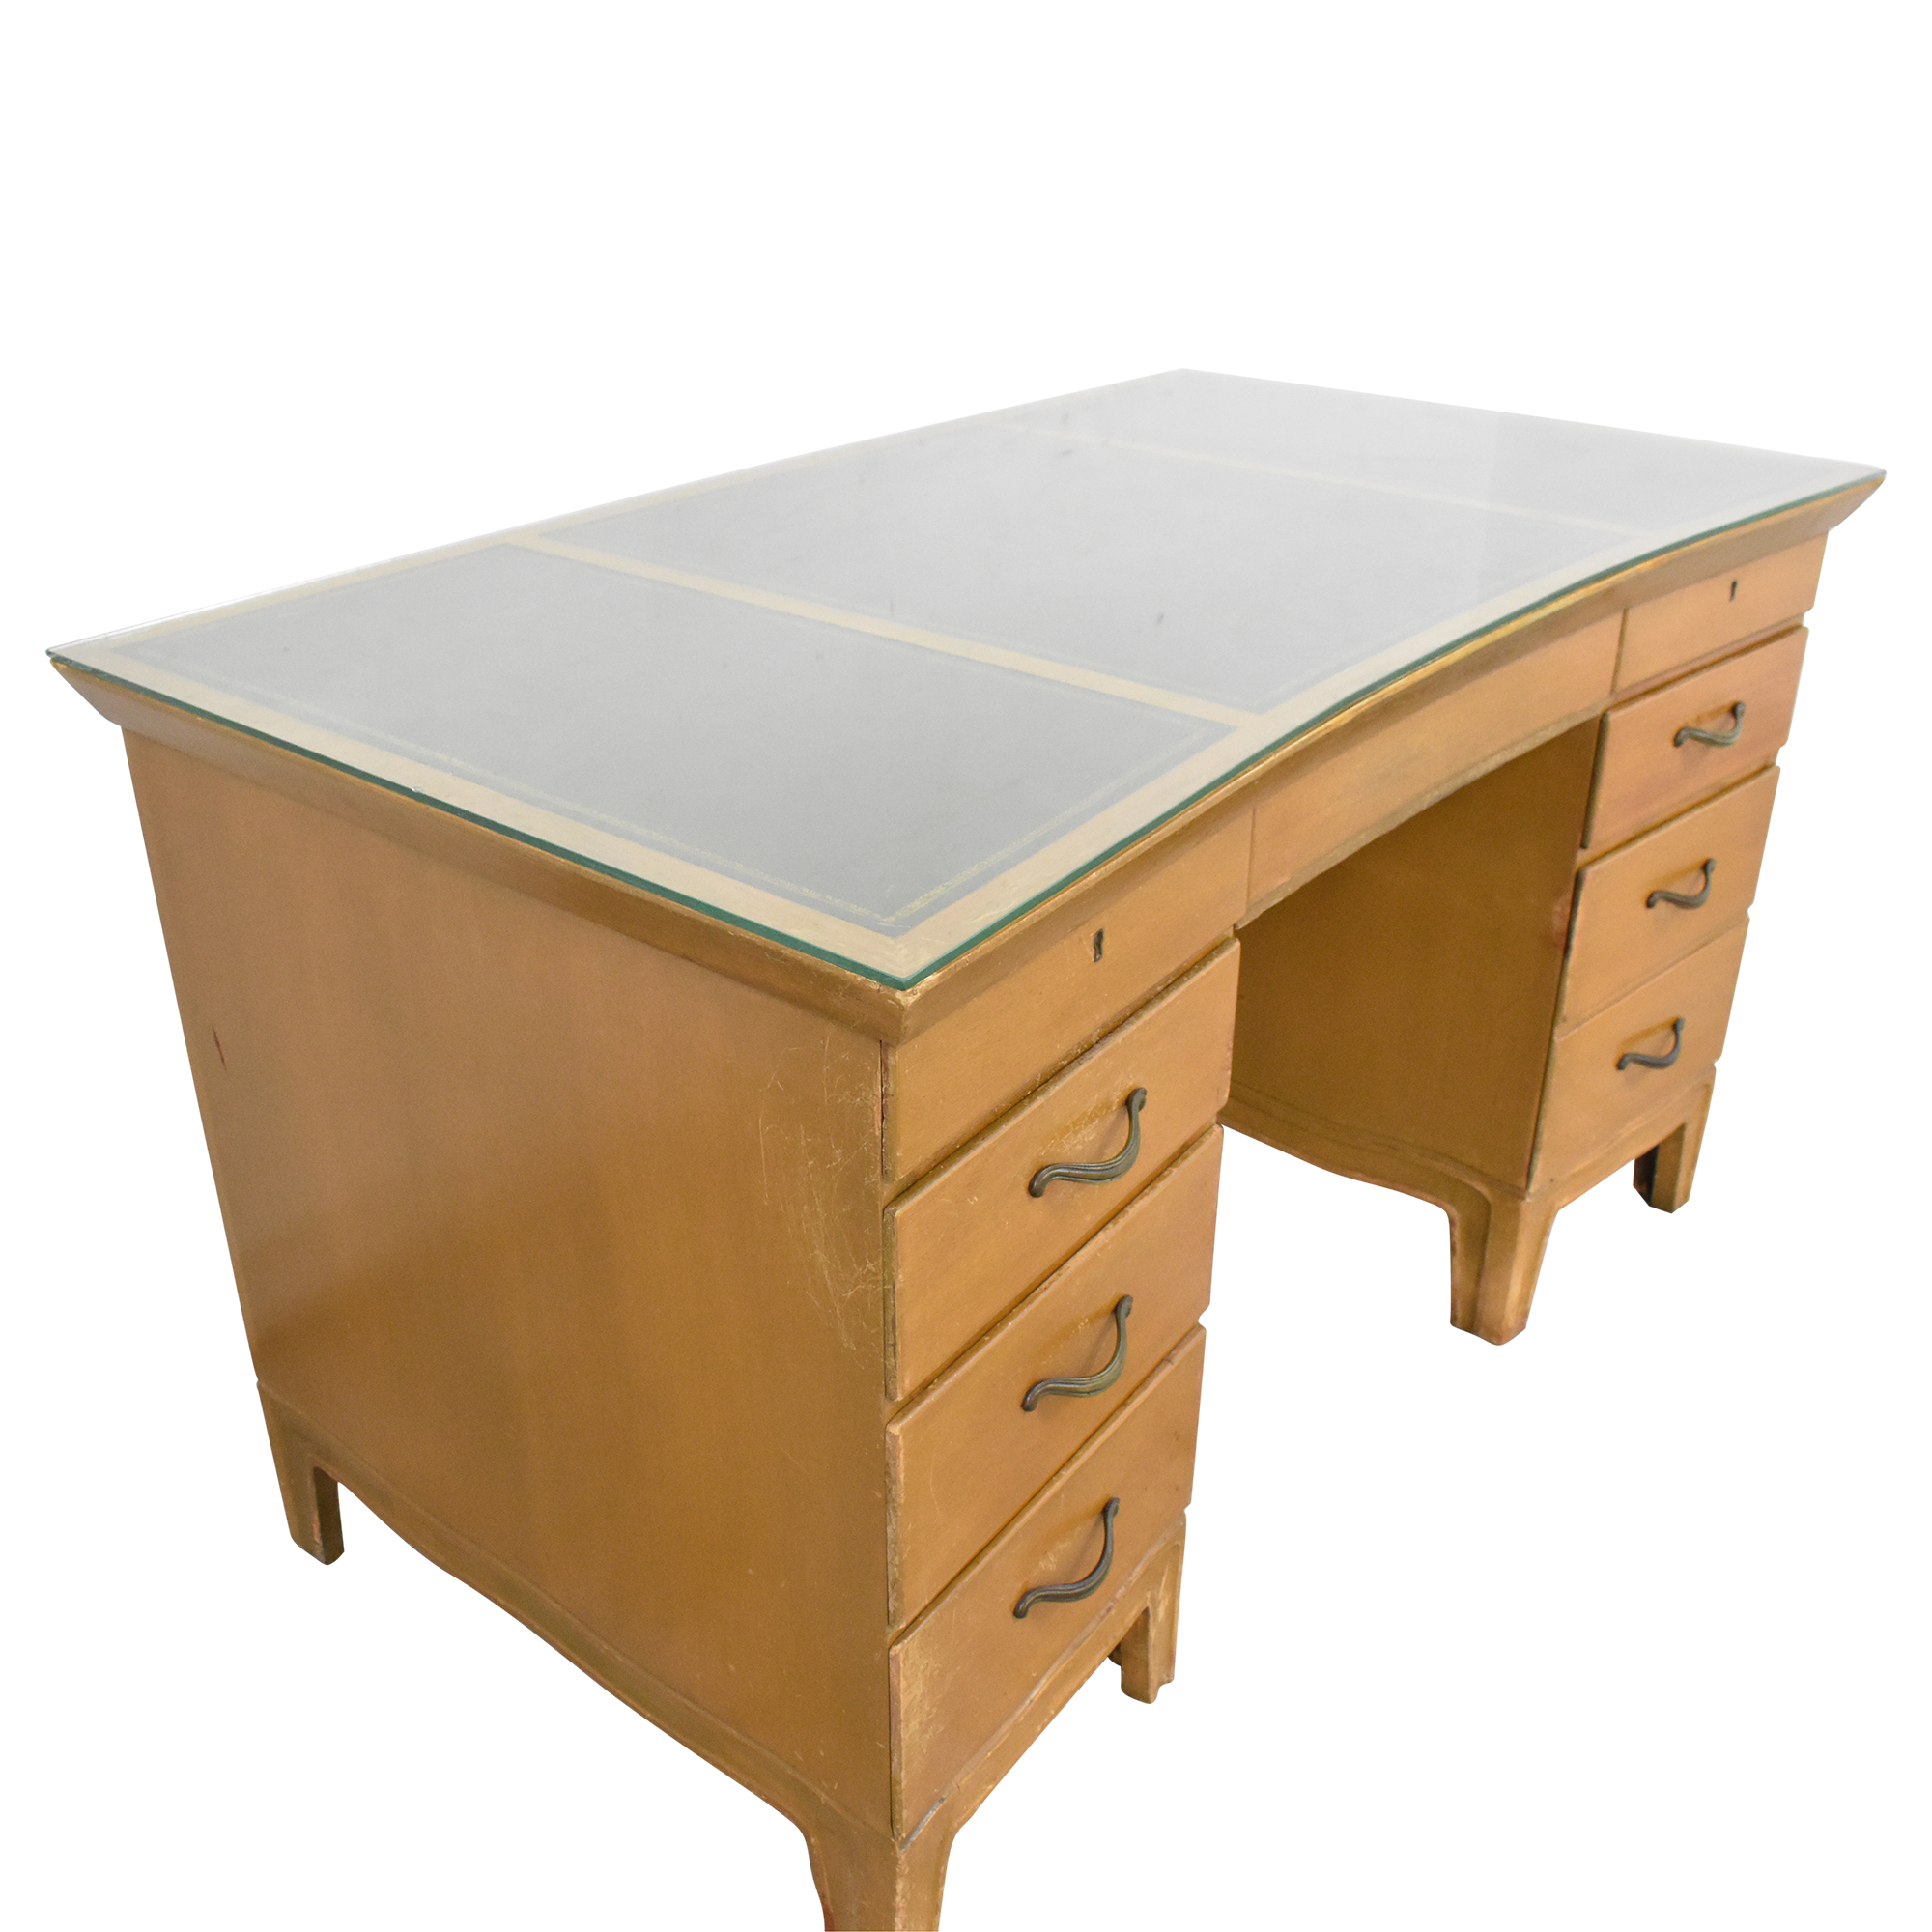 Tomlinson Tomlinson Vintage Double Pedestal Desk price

--

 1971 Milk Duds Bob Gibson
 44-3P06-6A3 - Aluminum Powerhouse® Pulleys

==

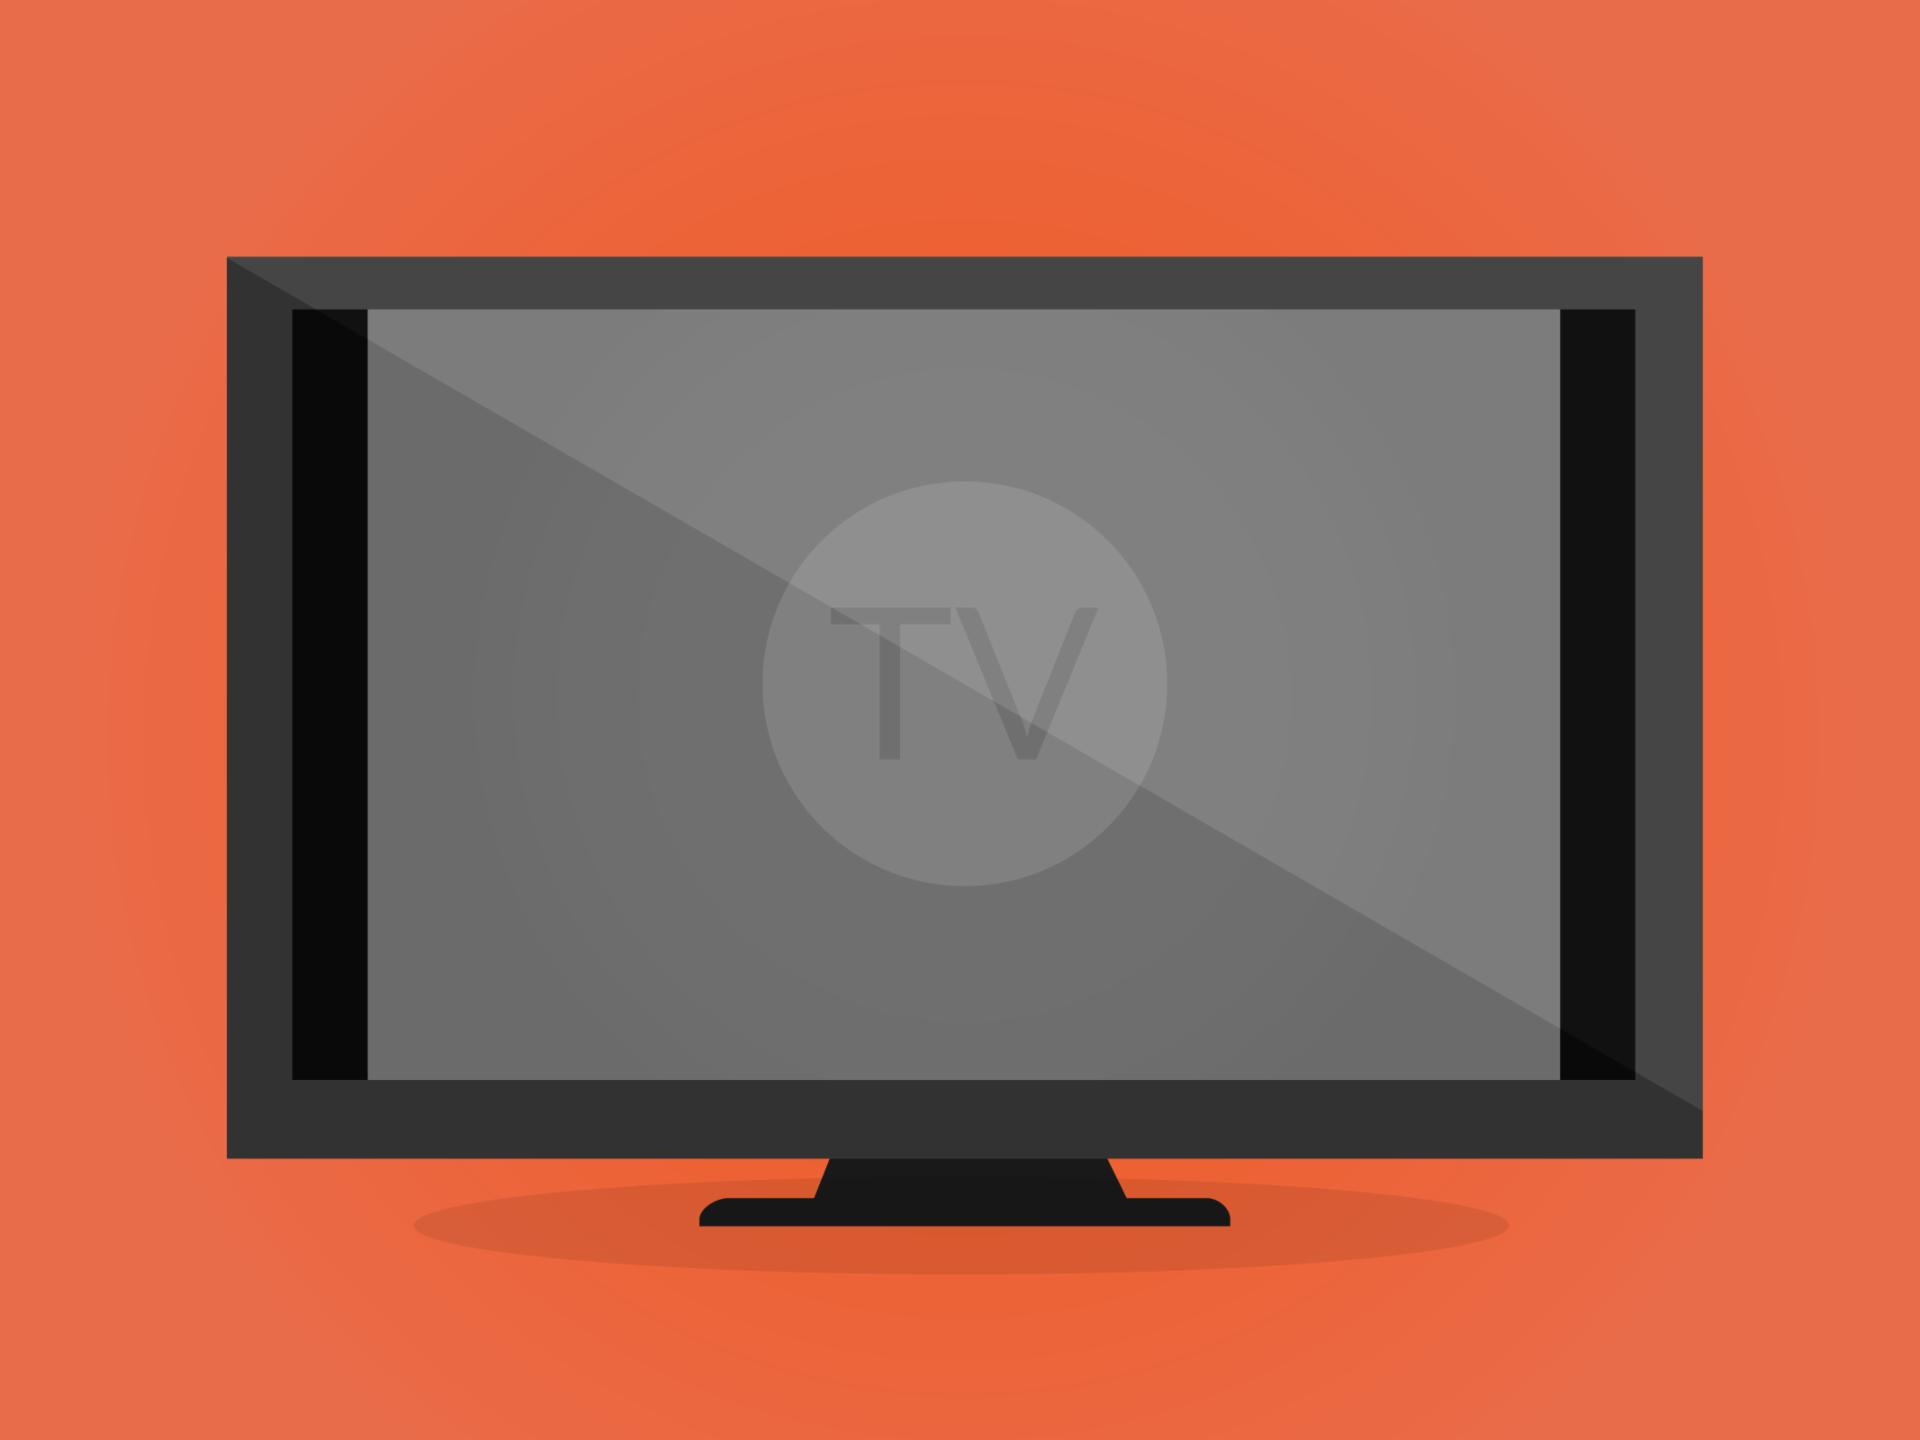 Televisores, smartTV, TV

What is being asked »
Restate word for word the entries above from the line with "1971 Milk Duds Bob Gibson" through the line with "44-3P06-6A3 - Aluminum Powerhouse® Pulleys", inclusive, leaving out everything else.

Answer for this exercise »
 1971 Milk Duds Bob Gibson
 44-3P06-6A3 - Aluminum Powerhouse® Pulleys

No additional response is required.